+++ Information shown +++

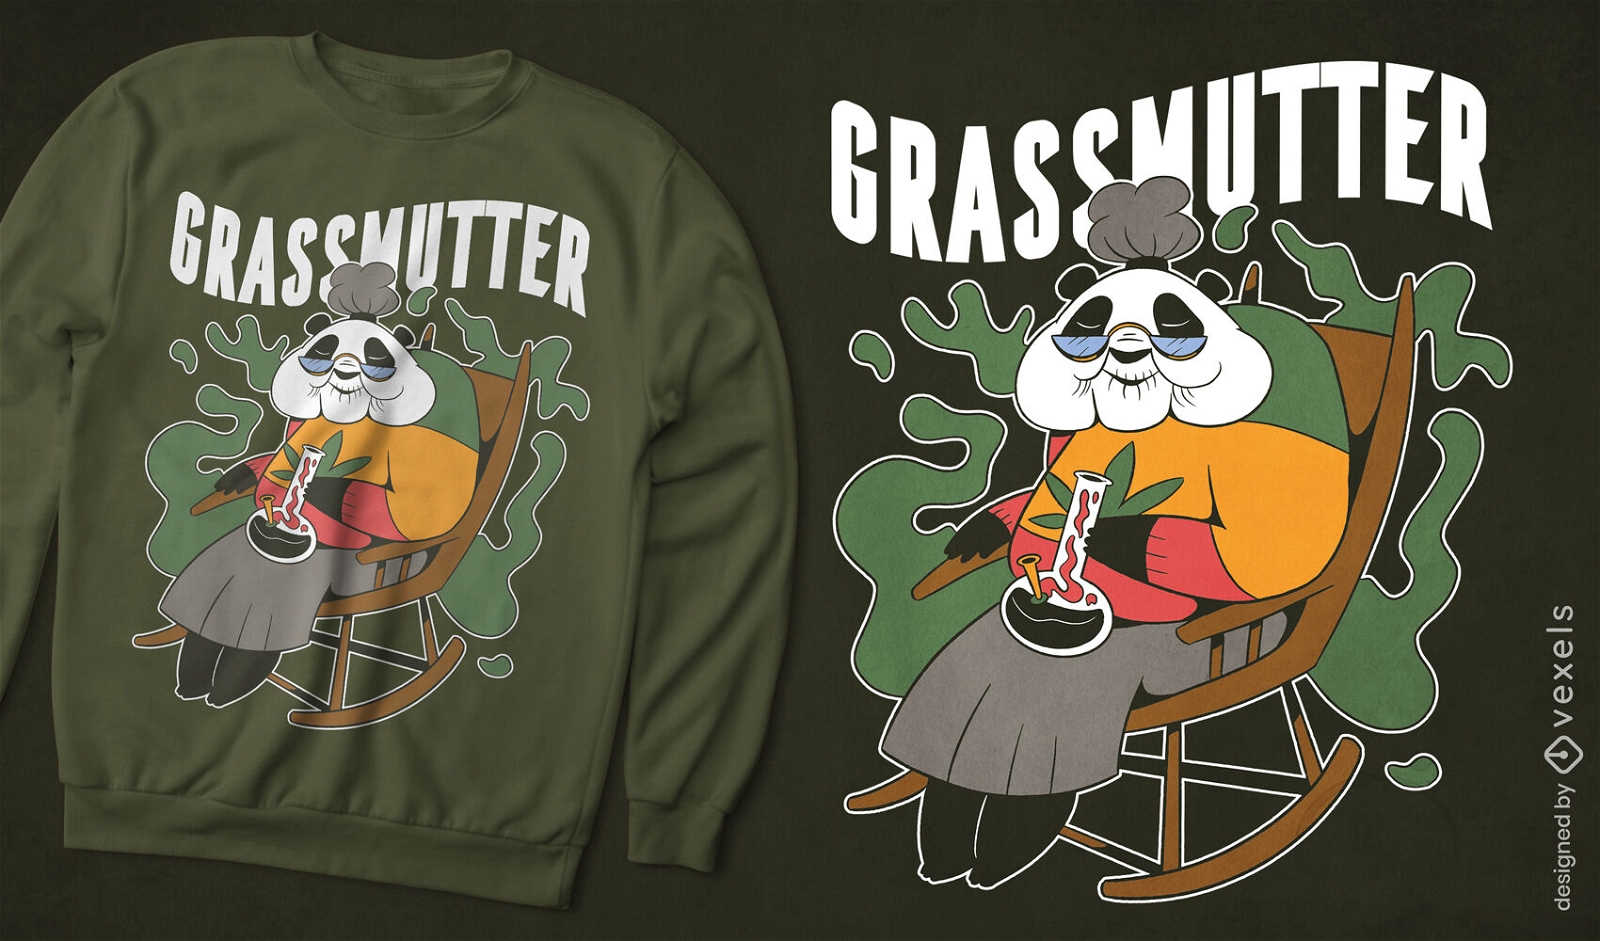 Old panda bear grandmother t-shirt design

+++
+++ Information shown +++

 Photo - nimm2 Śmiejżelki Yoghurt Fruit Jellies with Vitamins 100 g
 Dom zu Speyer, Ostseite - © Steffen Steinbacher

+++
+++ Information shown +++

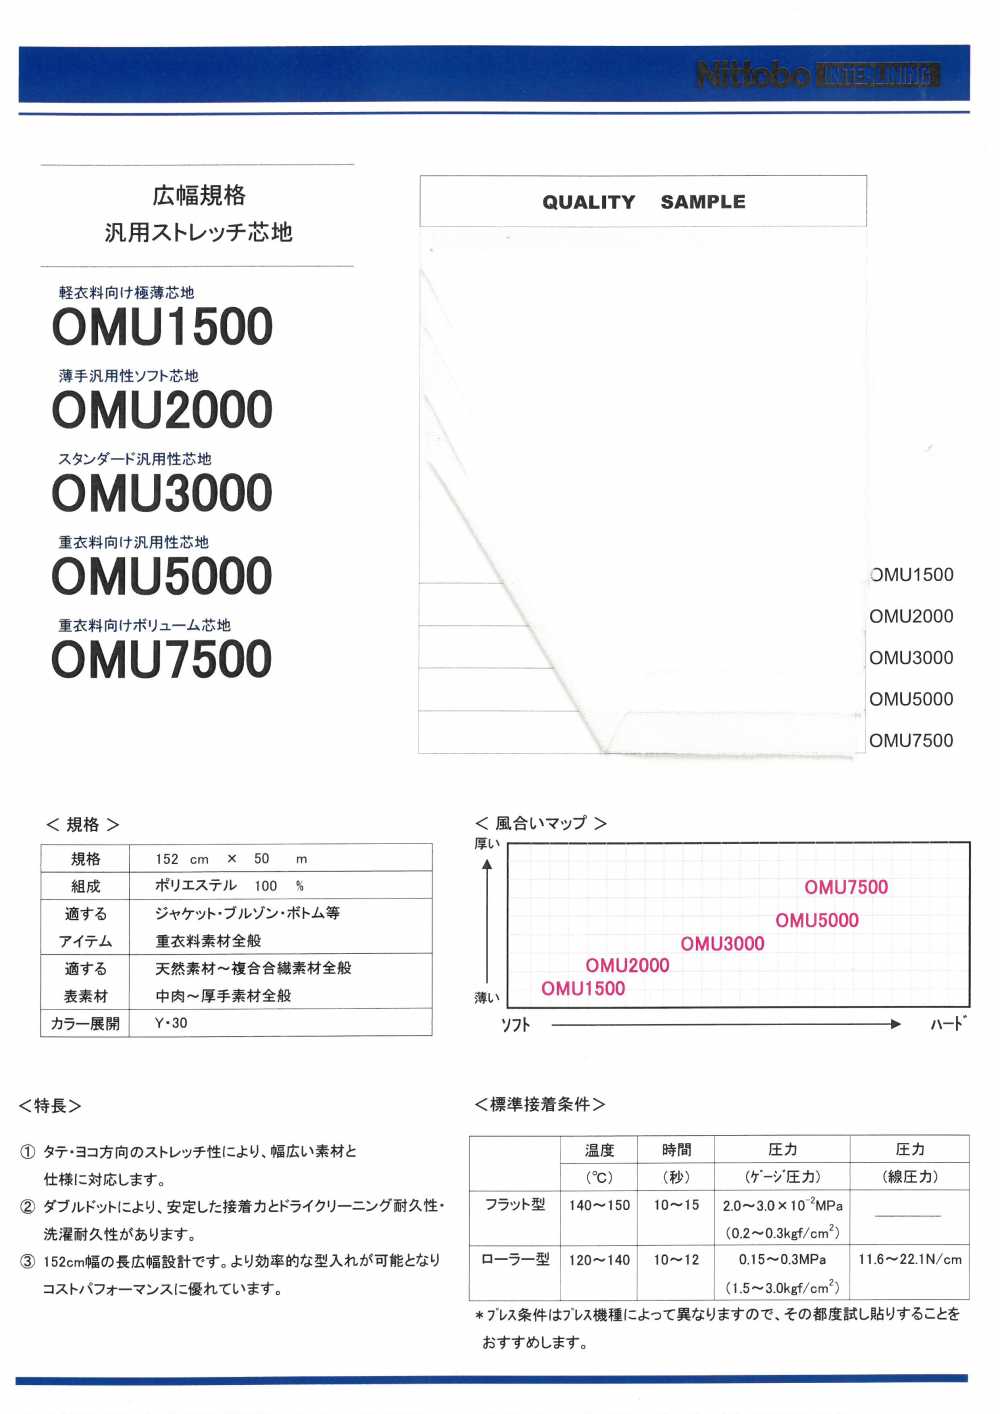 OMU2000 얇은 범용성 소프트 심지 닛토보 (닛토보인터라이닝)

+++

What you will do
Using only the listing above, restate exactly the lines from the line containing "Photo - nimm2" through the line containing "Dom zu Speyer, Ostseite", both included.

Task result
 Photo - nimm2 Śmiejżelki Yoghurt Fruit Jellies with Vitamins 100 g
 Dom zu Speyer, Ostseite - © Steffen Steinbacher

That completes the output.